Posted: Tue Dec 29, 2020 3:43 am
by asdfghjkl
By the way, is there any way to prevent FAHClient from probing for GPU? I tried --gpu=false, but it is still probing for GPU and getting bad_cast exception. I cannot just remove the OpenCL runtime, as I need it for other programs.
I don't think so.

We don't know what hardware/software you have so anything I suggest is strictly a guess.

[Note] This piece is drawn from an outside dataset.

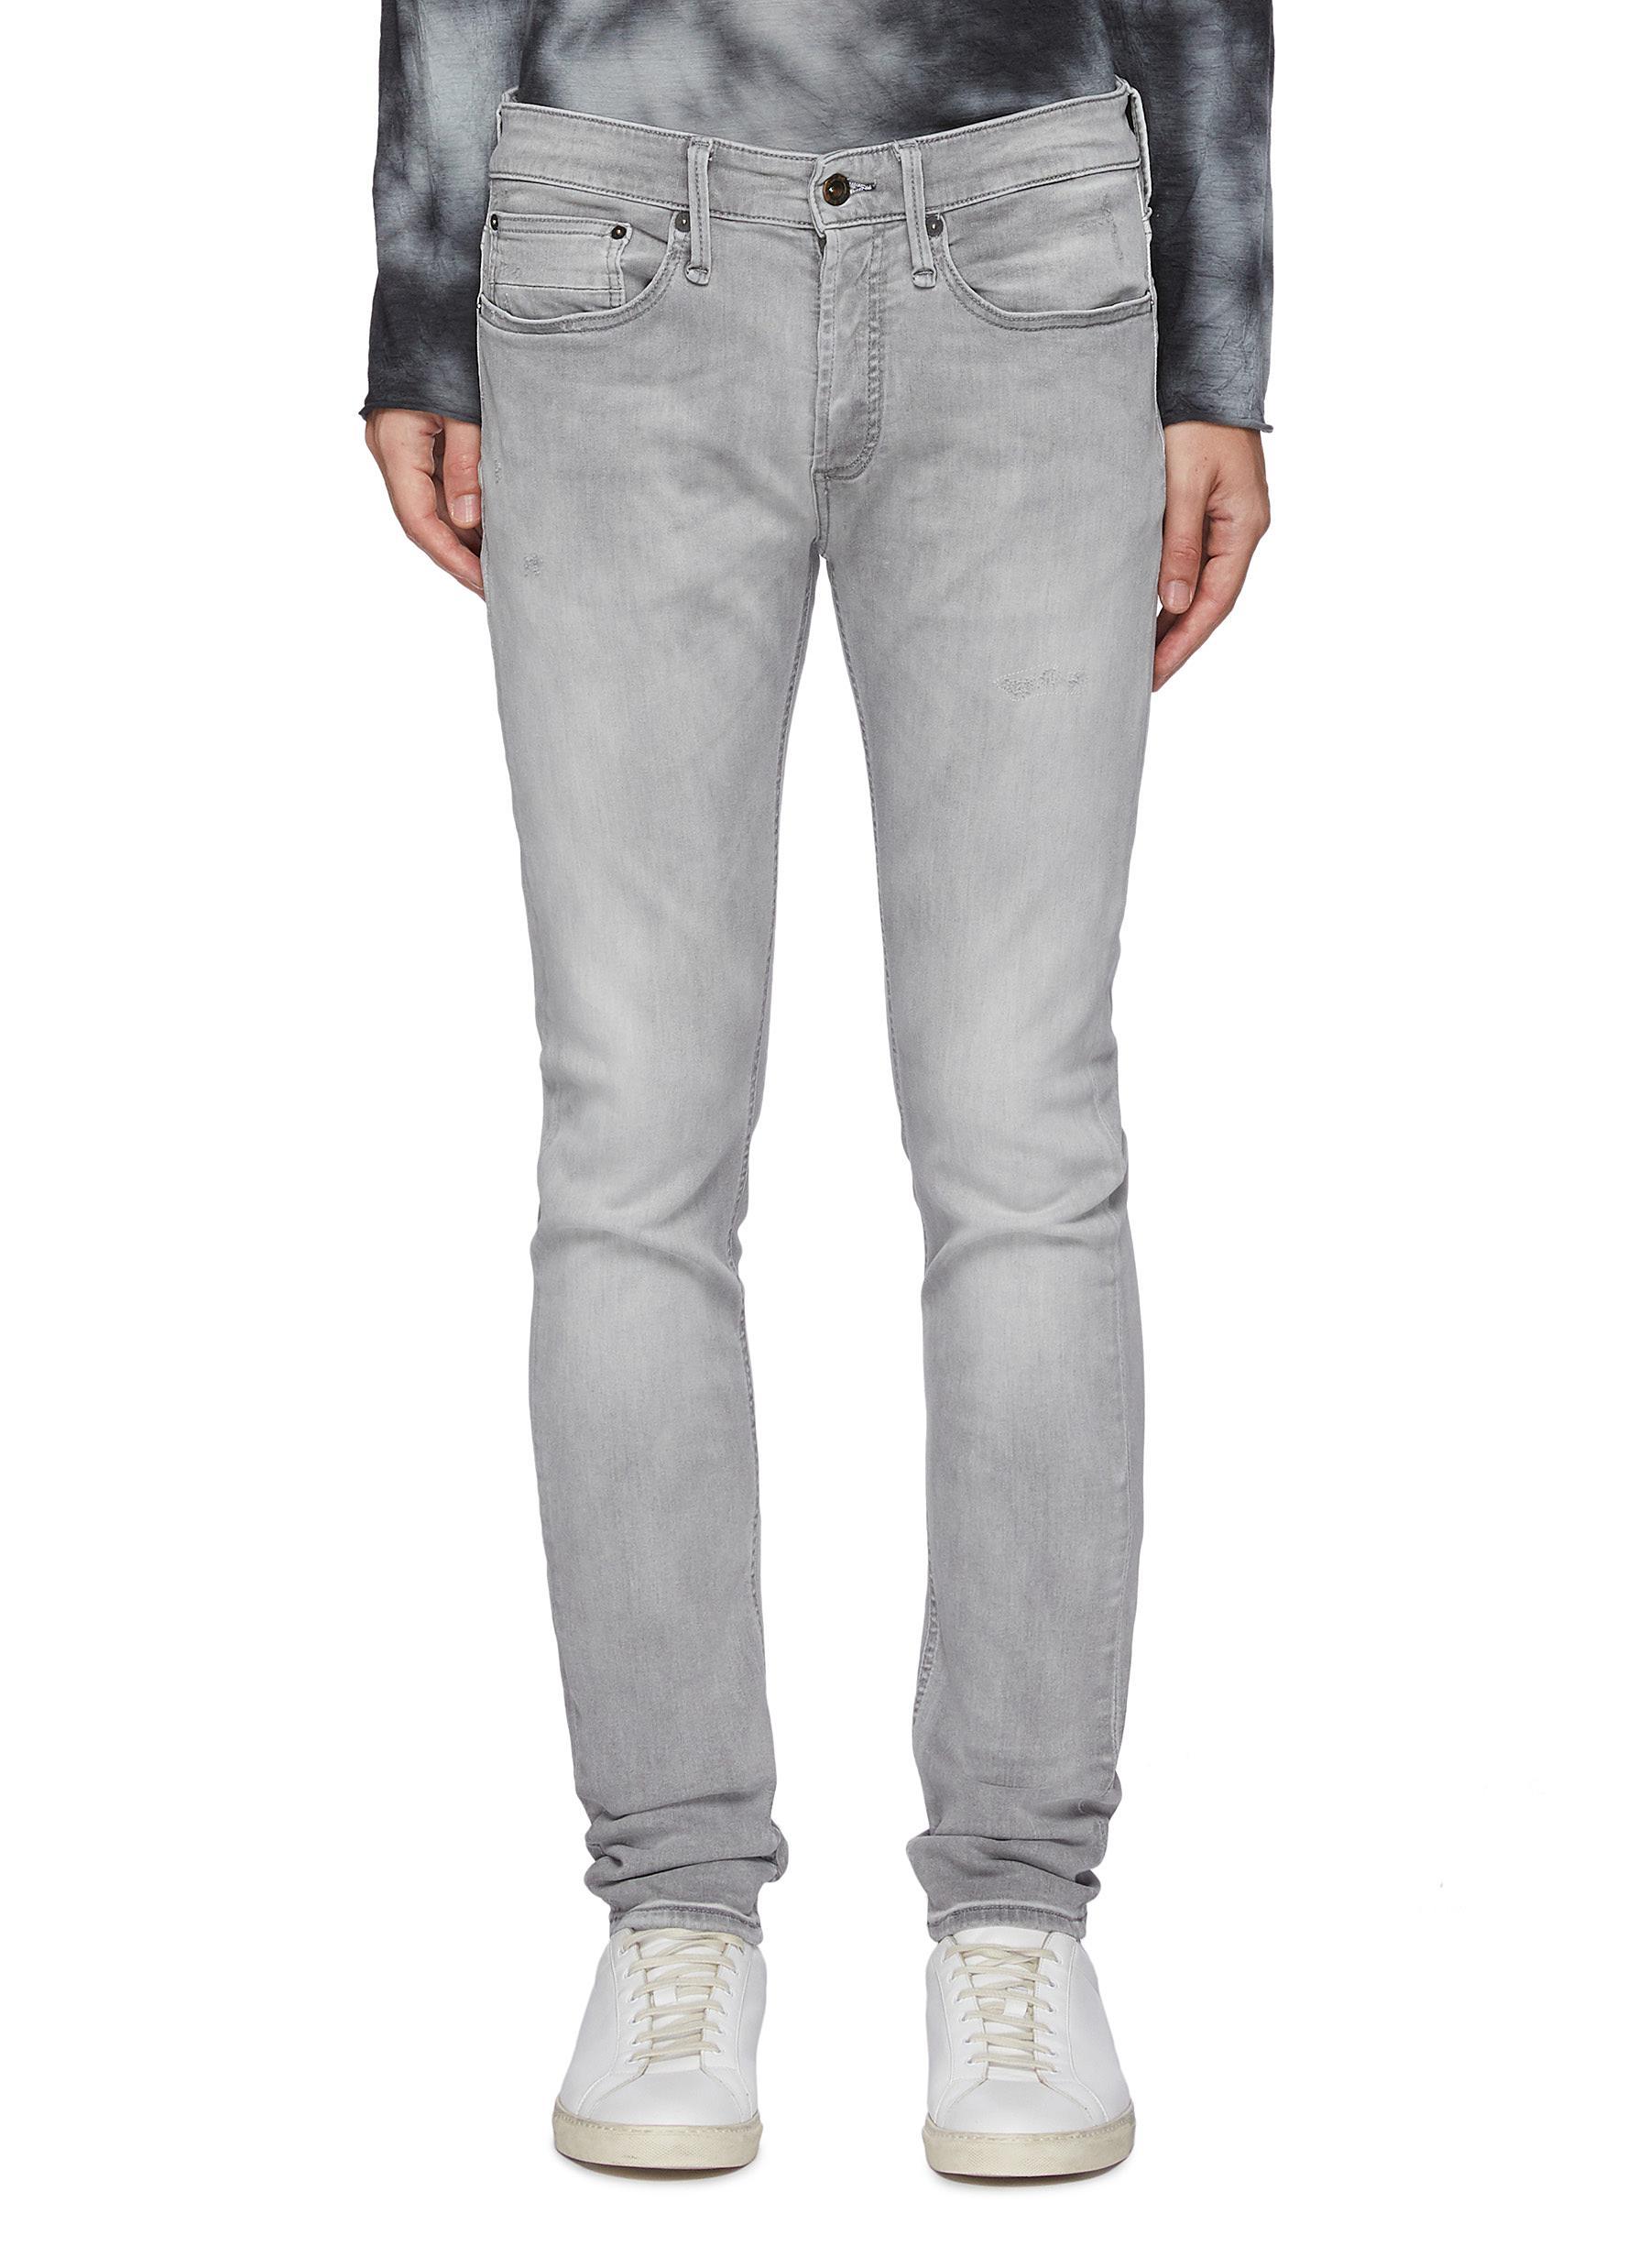 Denham Denim 'bolt' Light Wash Skinny Jeans Men Clothing Jeans Skinny  'bolt' Light Wash Skinny Jeans in Grey (Gray) for Men - Lyst

The OpenCL that comes from Intel is not the same as the one that comes from other vendors, such as NVidia. If you have the nVidia OpenCL runtime (it comes with the nVidia drivers if you get them from nVidia. I suspect FAH will try to use it instead of the Intel version -- and it might allow FAHClient to believe you have no GPUs. It might also be useful to temporarily remove (rename?) the Intel OpenCL runtime.

Does FAHClient get far enough to produce the top of FAH's log.txt?

Setting gpus='false' might also help.